Antarctic ice-core data today provide a continuous record on temperature and atmospheric composition that goes back for some 800,000 years. The data track the last few glacial periods and their abrupt endings, with rapid transitions into mild interglacials. But in some of the ice-cores, temperature rises first and is followed, a few hundred years later, by rising carbon dioxide (CO2) levels.

Certain purveyors of climate-myths seized on this observation, claiming it to be “proof” that carbon dioxide doesn't cause climate change. Wrong, wrong, wrong. But how? The answer lies in a beer-can.

In fact, you can do this one yourself. You need two cans of any fizzy beer. On a nice summer's day, take one out of the fridge and place it outside in direct sunshine for a few hours. Leave the other where it is. Then open the two at the same time. The warm one will froth like mad, half-emptying the can and making a mess. What is left in the can will be horrible and flat. Conversely, the one straight from the fridge will just give a “pfft” noise and will be pleasant to drink, being cool and fizzy.

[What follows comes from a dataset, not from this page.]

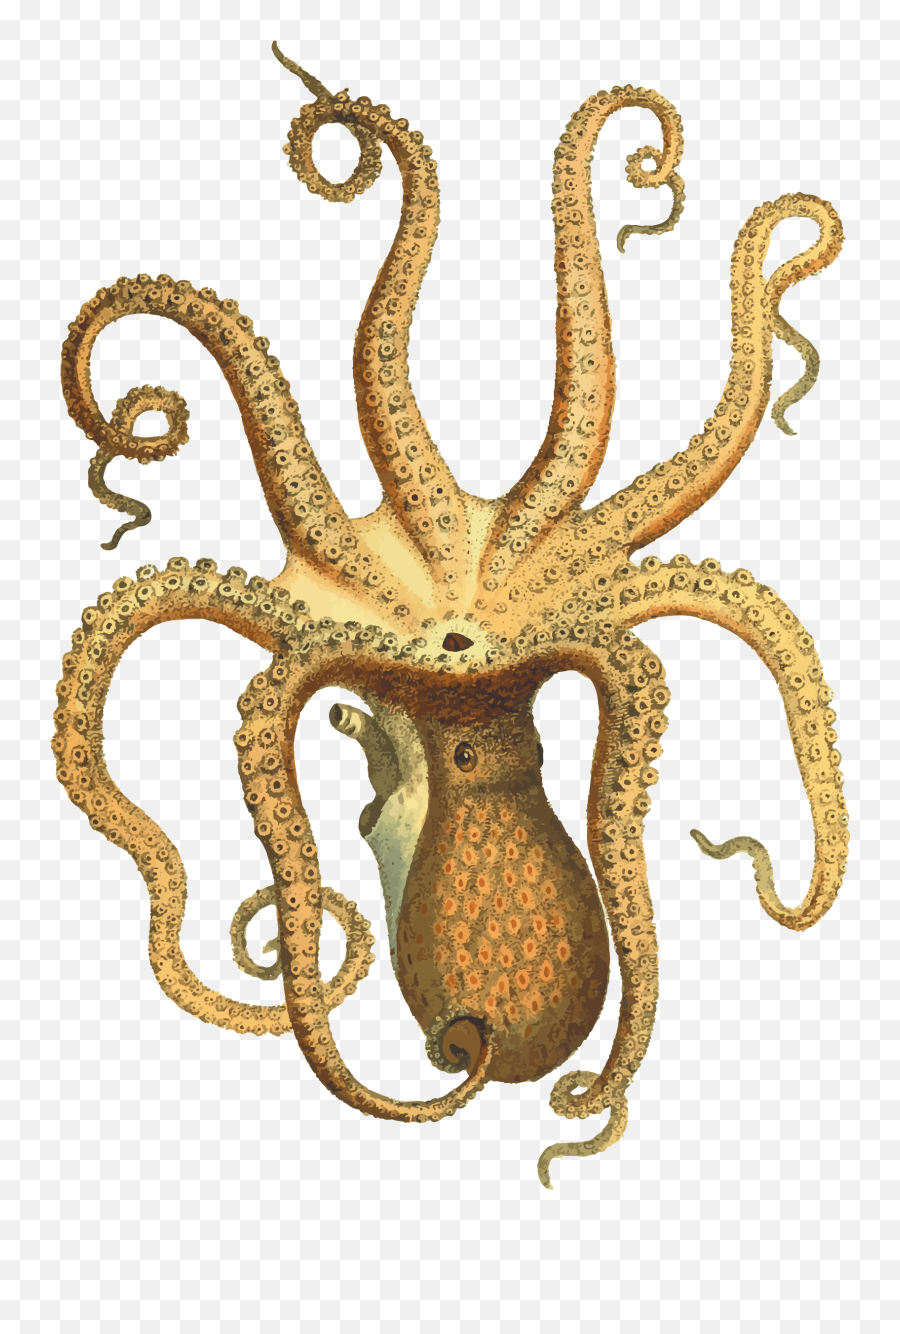 Octopus Png - Transparent Octopus Png,Octopus Png

What's that got to do with this myth? Well, you have just demonstrated an important point about the solubility of CO2 in water. CO2 gives fizzy drinks their fizz and it is far more soluble in colder water. As the water warms, it cannot hold onto as much CO2 and it starts to degas. Hence that flat lager.

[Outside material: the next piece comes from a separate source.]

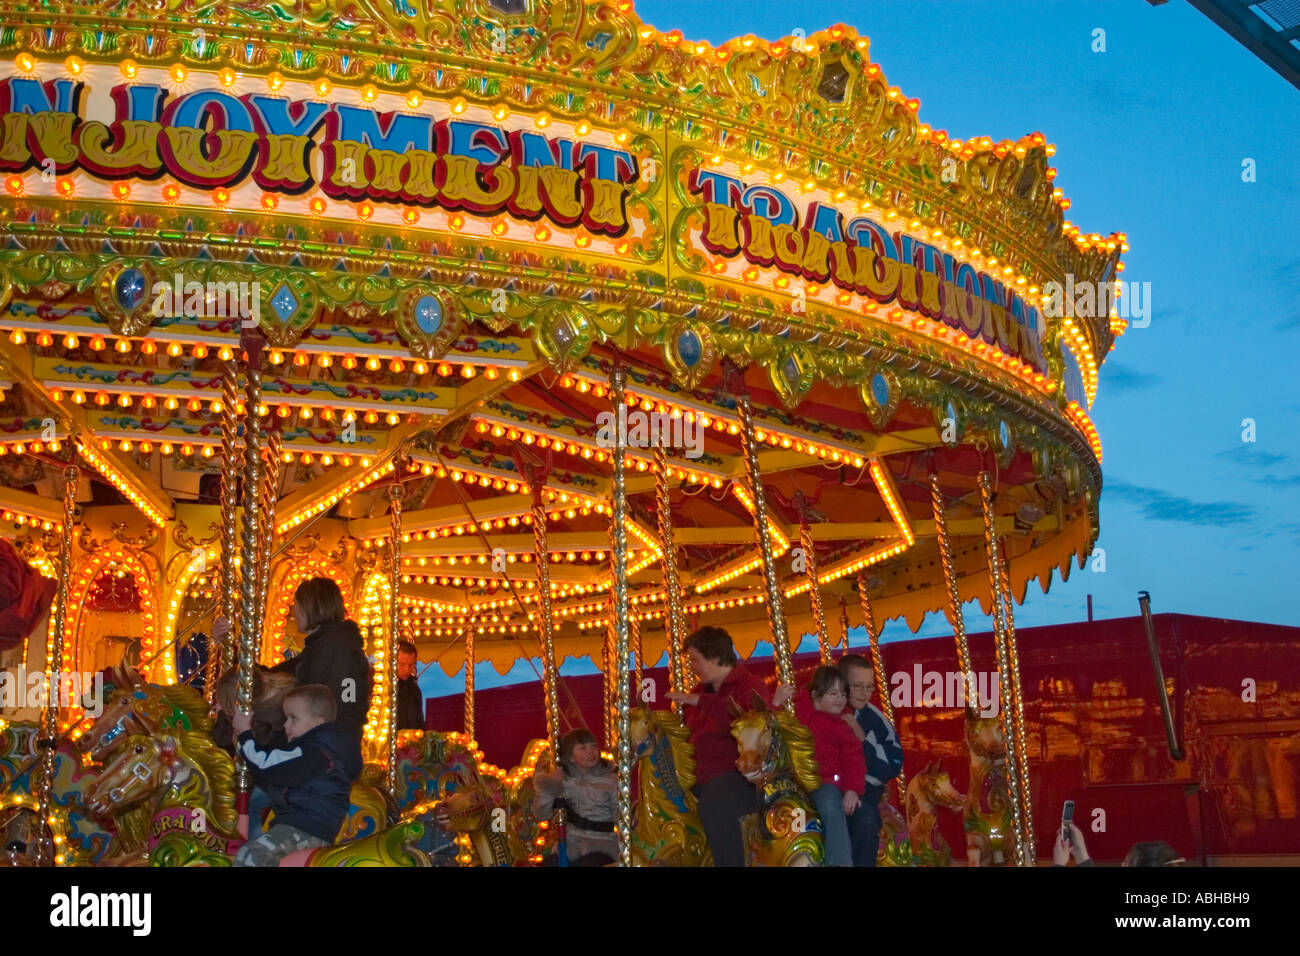 Illuminated carousel fairground ride Stock Photo

Exactly the same principle applies to the oceans. When global warming is initiated, both land and the oceans start to warm up. On land, permafrost starts to thaw out, over vast areas. Carbon dioxide (and methane) are released, having been trapped in that permafrost deep-freeze for thousands of years. At sea, that “warm beer effect” kicks in. Thanks to both processes, atmospheric CO2 levels rise in earnest, amplifying and maintaining the warmth. That rise in CO2 thereby caused more of the gas to be released, warming things up yet more in a vicious cycle, known as a positive feedback. Other feedbacks kick in too: for example as the ice-sheets shrink, their ability to reflect Solar energy back out to space likewise decreases, so that heat is instead absorbed by Earth’s surface.

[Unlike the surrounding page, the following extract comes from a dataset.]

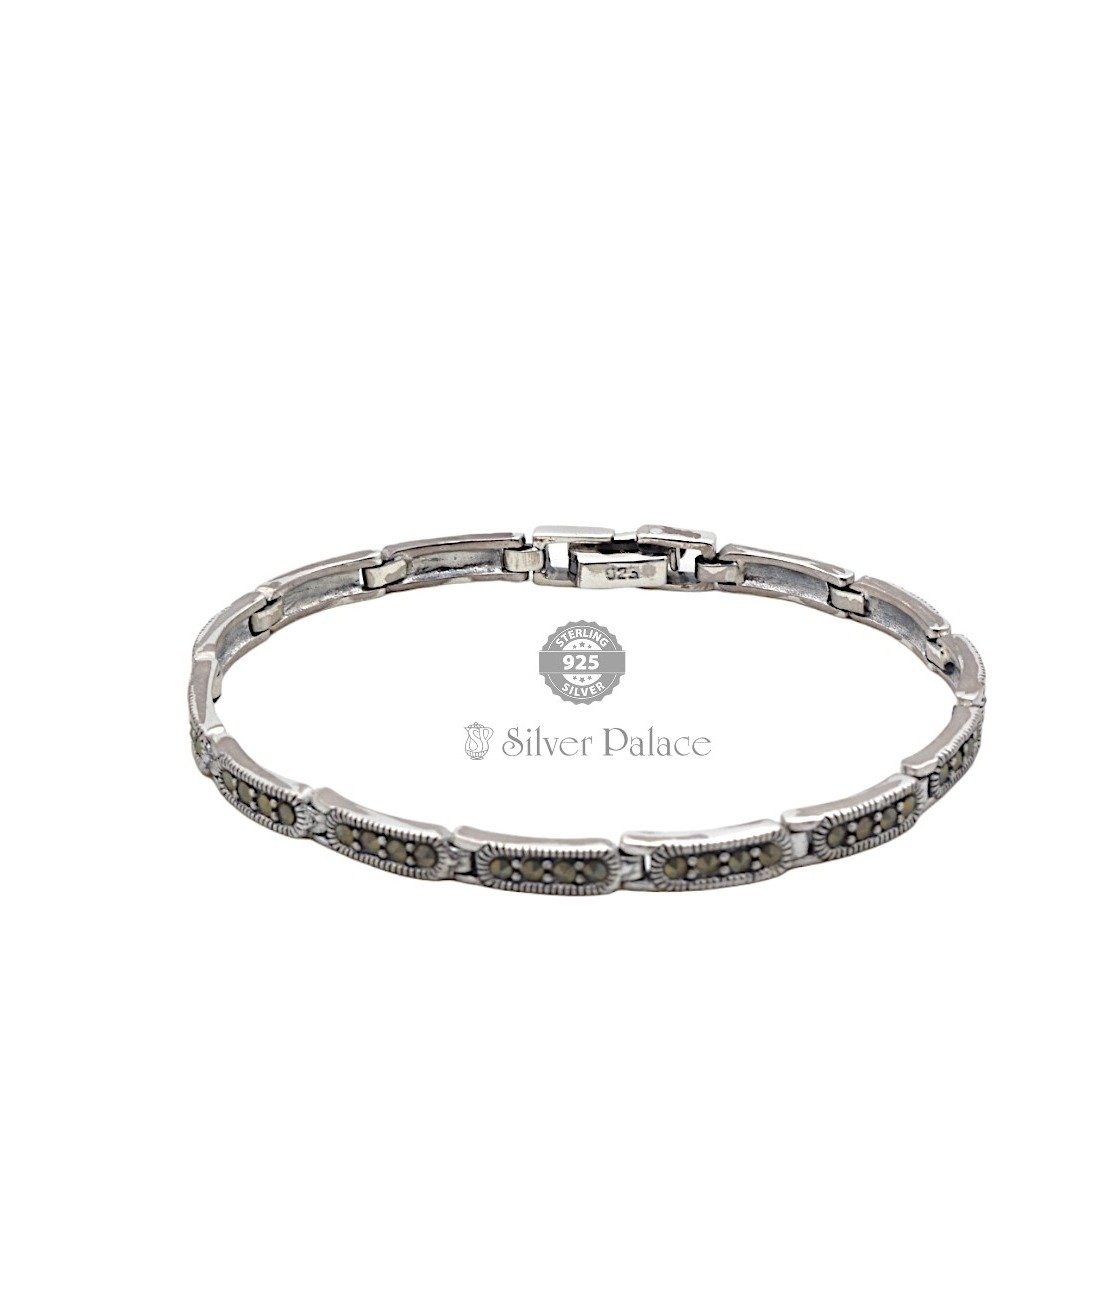 92.5 Oxidised Silver Bracelet for Girls

The trigger for the initial warming at the end of an ice-age is a favourable combination of cyclic patterns in Earth's orbit around the Sun, leading to a significant increase in the solar energy received by Earth's Northern Hemisphere. That's no secret. Glacial-interglacial transitions are caused by several factors working in combination – triggers and feedbacks. We've understood that for a long time.

And when you think about it, saying CO2 lagged temperature during glacial-interglacial transitions so cannot possibly be causing modern warming is a bit like saying, “chickens do not lay eggs, because they have been observed to hatch from them".

Please use this form to provide feedback about this new "At a glance" section. Read a more technical version below or dig deeper via the tabs above!


Further details

That CO2 can lag behind but amplify temperature during a glacial-interglacial transition was in fact predicted as long ago as 1990. In the paper The Ice-Core Record: Climate Sensitivity and Future Greenhouse Warming by Claude Lorius and colleagues published in the journal Nature in 1990, a key passage reads:

"The discovery of significant changes in climate forcing linked with the composition of the atmosphere has led to the idea that changes in the CO2 and CH4 content have played a significant part in the glacial-interglacial climate changes by amplifying, together with the growth and decay of the Northern Hemisphere ice sheets, the relatively weak orbital forcing and by constituting a link between the Northern and Southern Hemisphere climates."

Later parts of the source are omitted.